O dia que se inaugura
com o primeiro sopro da aurora:
que mentira tão bem montada
se o dia
este dia para efeitos de contabilidade do tempo
já leva no inventário
meia dúzia de horas.
Arrancado à dureza dos maxilares
um silêncio povoado de noite
esgrime contra a pálida expressão do medo.
A fala, submersa,
amotina-se.
Arruma a rigidez dos tendões
e a teimosia dos músculos,
contrária a mudez estrutural
vendo como os copos
entretanto vazios
dançam com as palavras dantes reprimidas
as palavras agora espalhadas pelas paredes.
Um rosto ensonado adia a manhã,
acredita na ilusão.
A luz inaugural fere o olhar
a mesma agressão da fala emudecida
enquanto a noite onde se sentam as solidões
vocifera um bolçar que não se ouve.
O silêncio não passa de um disfarce.
Todo o peso das pessoas
arqueia as ruas
que cedem à profusão de páginas faladas
pelo somatório de todos os que souberam
das ruas.
Essa amálgama é a indelicadeza da cidade
uma teia de haveres que se entretece
com os segredos habilitados
em testamentos guardados no silêncio fundo,
a estola que cai sobre o seu dorso.
A nudez da cidade
enfim
disfarçada por este coro claro.
Os nomes
não importam.
Não se fale
de extorsões
que se fingem
de incenso.
Um nome não é
o sangue
que habita as veias
as esporas que se atiram
na projeção do horizonte
e desembaraçam
janelas com artesões
não é
um nome
o esconjurar
supersticioso
do medo de sermos ninguém.
E, todavia,
quantos nomes há
que são apenas
ninguém?
Quantos
são os nomes
esquecidos
na almofada do tempo
na incúria da memória
num adeus inconfessável
no dorso de uma montanha
escondida nas ameias da noite?
Os nomes
não passam
de uma expropriação de almas
que se diz de o serem
depois de serem um labirinto
num nome.
Os nomes
se não fossem um cárcere
podiam importar.
Não
à conta do exílio
nem pela conta certa
averbada pelo sombrio ocaso
não
é não o que proclamo
aos que da inércia se alimentam
à projetada ideia de não dissidência
aos que se inquietam porque alguém se interroga
à castração das ideias
aos aios úteis de farsantes inúteis.
Não
pode ser o degrau heurístico
onde é crime dizer não
e onde dizê-lo
constitui uma ode
à liberdade mansamente reprimida.
Não
é a medalha sublime
desta irredutível desobediência
o salvo-conduto para a liberdade
não ser apenas um princípio sem substância.
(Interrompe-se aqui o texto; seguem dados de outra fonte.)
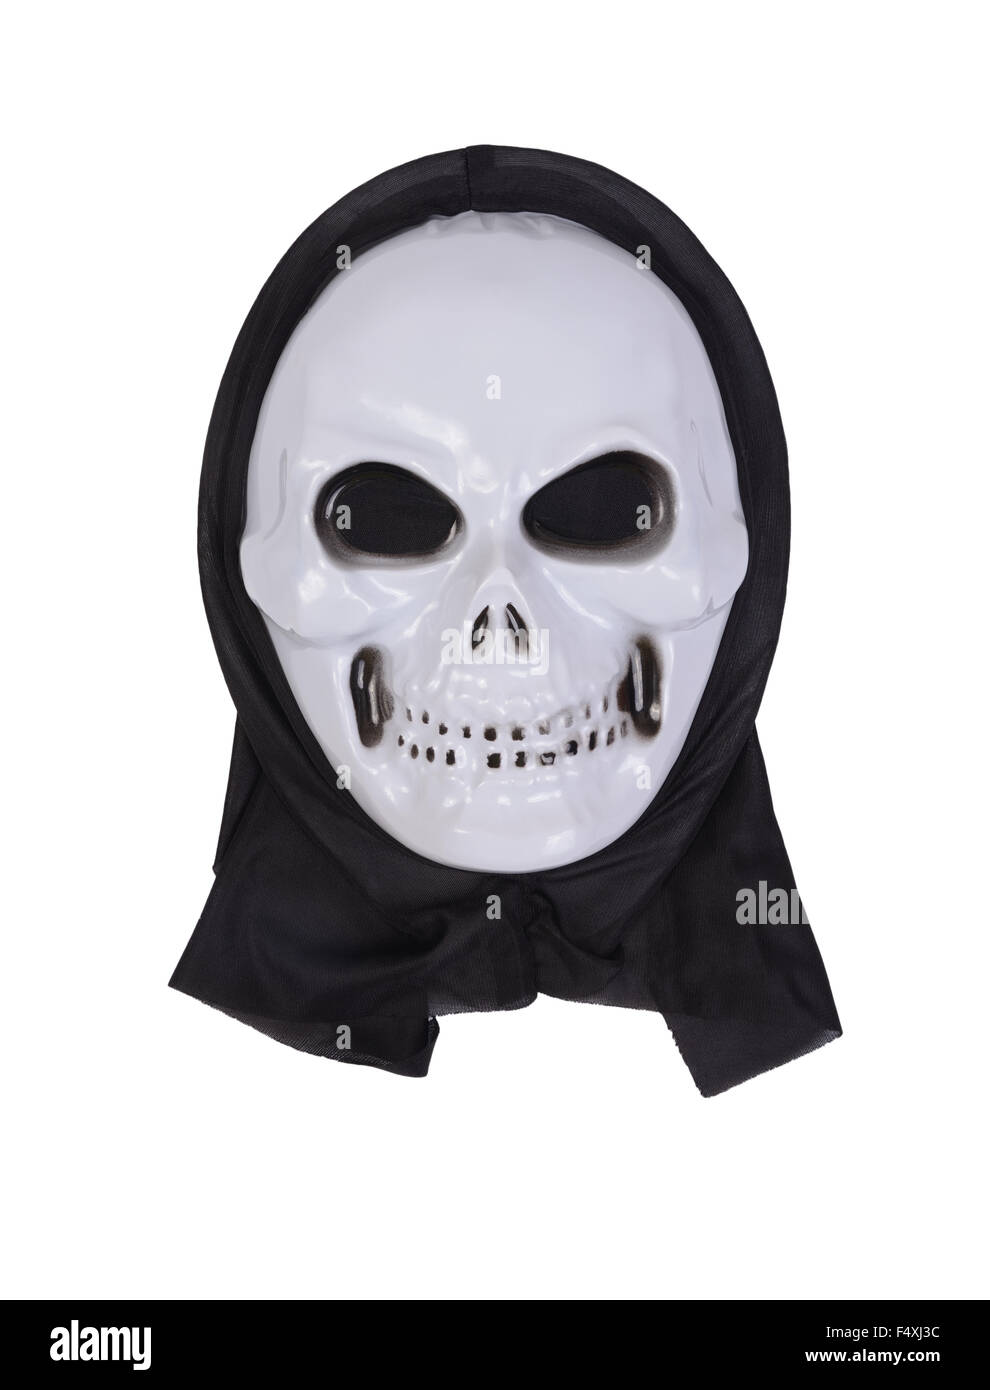 Skull mask for halloween on white background. Stock Photo

Soou o ciciar de um fantasma
na fortaleza que guardava a noite
e do pano gasto resgatou o olhar
embaciado.
Suou no crepúsculo do pesadelo
que enfeitiçou os sentidos
enquanto a lava açambarcava
o sangue.
Muda a janela sobre o mundo
apunhalou pelas costas os mastins
em metódico gesto de reparação
do indevido.
Muda de máscara, gasta,
antes que um cortejo de seráficas personagens
o traga para o pelourinho em sede
de julgamento.
Cala todos os silêncios amaldiçoados
a fonte de rebeldia sentada à margem
sentado na coreografia embainhada
nas desregras.
Batem por dentro
no avesso das pálpebras
as palavras atónitas
o sal hirsuto do mar
o vento em protesto
os corpos desassisados
fulgurantes centelhas em meneios
nos antípodas da carne apaziguada.
Se fossem exílio
as asas apressadas seriam maneirismo
um fingimento a calhar em estrofes
ornato precioso na bolsa sem fundo.
Mas não são.
Suplicam as bocas foragidas
em idiomas por inventariar
os modos sem instruções
uma gramática por cada pessoa
um tribunal inferior que seja bastante
no imprevidente salvo-conduto
à fortificação apresentado.
A roupa torcida
não se amarrota na descompostura:
dela é a marca registada dos habilitados
o corpo em preparos inverosímeis
como se acabasse de escolher um púlpito
e não deixasse em memória futura
herança a caber.
Os dias são iguais.
Arrumo os escombros na fileira do esquecimento
e dou o inteiro de mim à acintosa manhã
eu que sou meão
e não aspiro a que do meu nome saibam
paradeiro.
Não seja em mim encontrada
a peugada da heráldica
que da orfandade
tenho uma impressão da espécie.
Em todas as marés
desapareço
fundindo o vulto em que me tornei
na espuma levantada pelos mares desarrumados.
Sou como um navio
a água do mar como morada
e o rosto como a lombada de livros em barda,
o demais escondido do voyeurístico espiolhar.
Sou
exílio por dentro
os pulmões cheios de versos por saber
e uma manhã que se confunde
com os acordes em espera.
Sou
a provável fragilidade
que se não esconde
o lema tirado à sorte
(ou atirado à sorte)
na filigrana em que se habilitaram as mãos.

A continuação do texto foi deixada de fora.